Professional funny guy

Lundholm, a self-described former “street guy,” had no experience in comedy before he was put on psychiatric hold and into court-ordered rehab. After getting sober, he used his natural sense of humor (“I come from a big family,” he said. “If you weren’t funny, you don’t get to talk. If you don’t talk fast, you don’t eat.”) to perform a volunteer comedy routine for inmates at San Quentin State Prison. After that, Lundholm decided the stand-up life was for him, and once he’d earned enough money at odd jobs to buy a car, he began traveling the country, doing one-nighters in any comedy club that would take him.

“I’d drive, sleep in my car, do the gig,” he said. “The routine was like drinking or doing dope. The addiction became comedy instead of meth or cocaine.”

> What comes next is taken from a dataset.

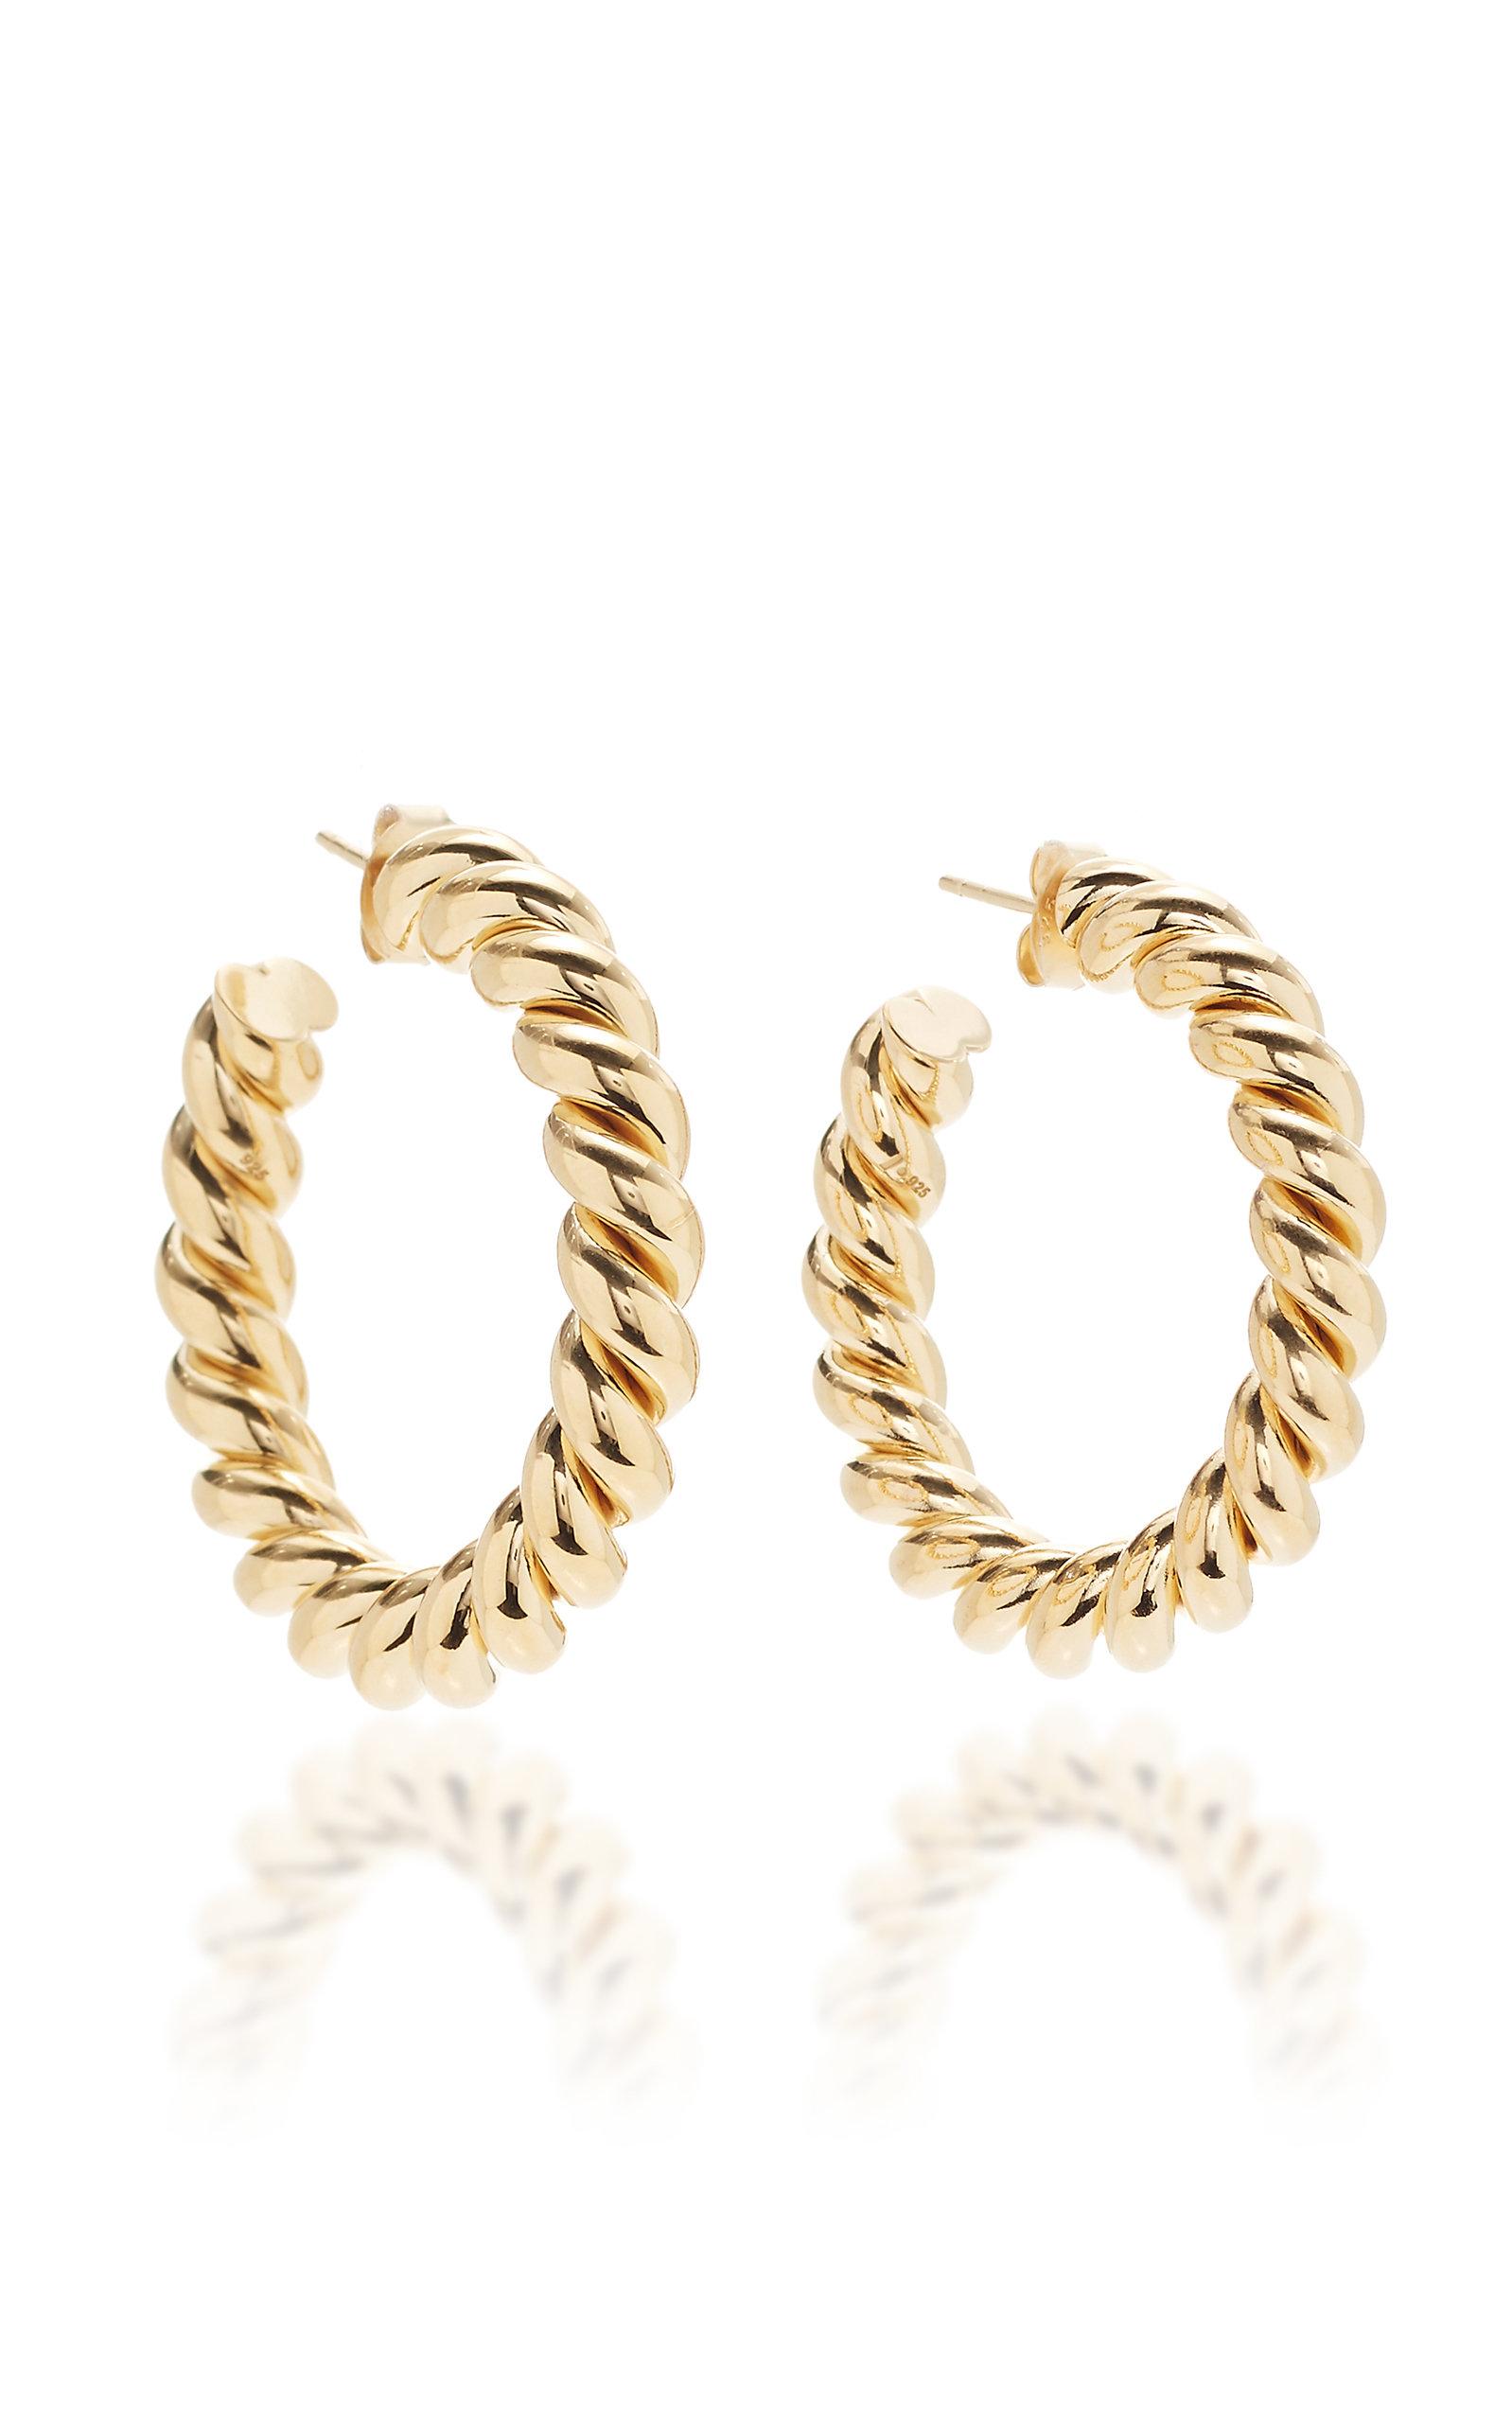 Women's Small Gold-Plated Hoop Earrings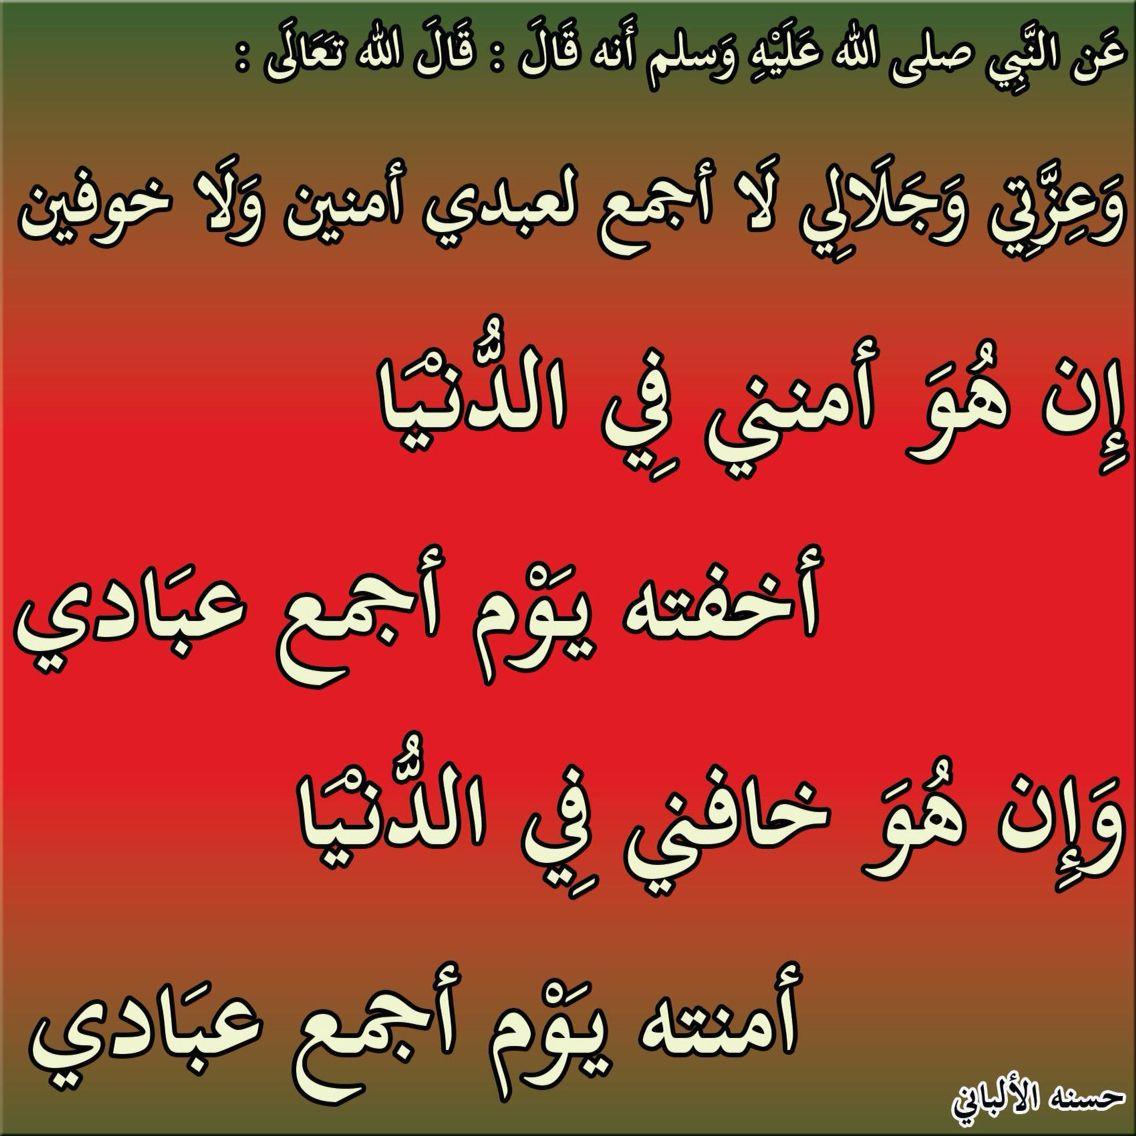 احاديث قدسيه Arabic Arabic Calligraphy Calligraphy

These days, Lundholm is still addicted to comedy, though he no longer has to sleep in his car. He headlines at clubs around the country, doing routines that speak to “normies”— or people who haven’t experienced addiction — as well as people in active recovery.

“I always had the jail, addiction, recovery lane covered in comedy,” Lundholm said. “It took me a while to write ‘normy’ stuff where I could relate to a couple who just had a baby and came out to the comedy club for their first time out since they’d gotten a sitter. But I do that now. My comedy is recovery specific, but normy friendly. Anybody can go.”

That’s good to know, because Lundholm will be at the House of Comedy at the Mall of America tonight, performing with his friend and fellow recovering addict Kurtis Matthews. For the last two years, they have toured the country with their addiction-humor show “The Addicts Comedy Tour.” The show, which attracts an enthusiastic audience of people hungry for Lundholm and Matthews’ unique brand of humor, kicks off at 7 p.m.

“Most of the people who come see us are rabid because they are addicted to what feels good,” Lundholm said. “There are people who will drive five hours to see this show. In Minneapolis, we’ll have people in the audience who have driven all the way from Wisconsin, Nebraska, Michigan. They’ll probably have seen the show before. We get a ton of repeaters.”

Some of Lundholm’s fan base comes from the recovery-humor DVDs he distributes through the Hazelden Betty Ford Foundation.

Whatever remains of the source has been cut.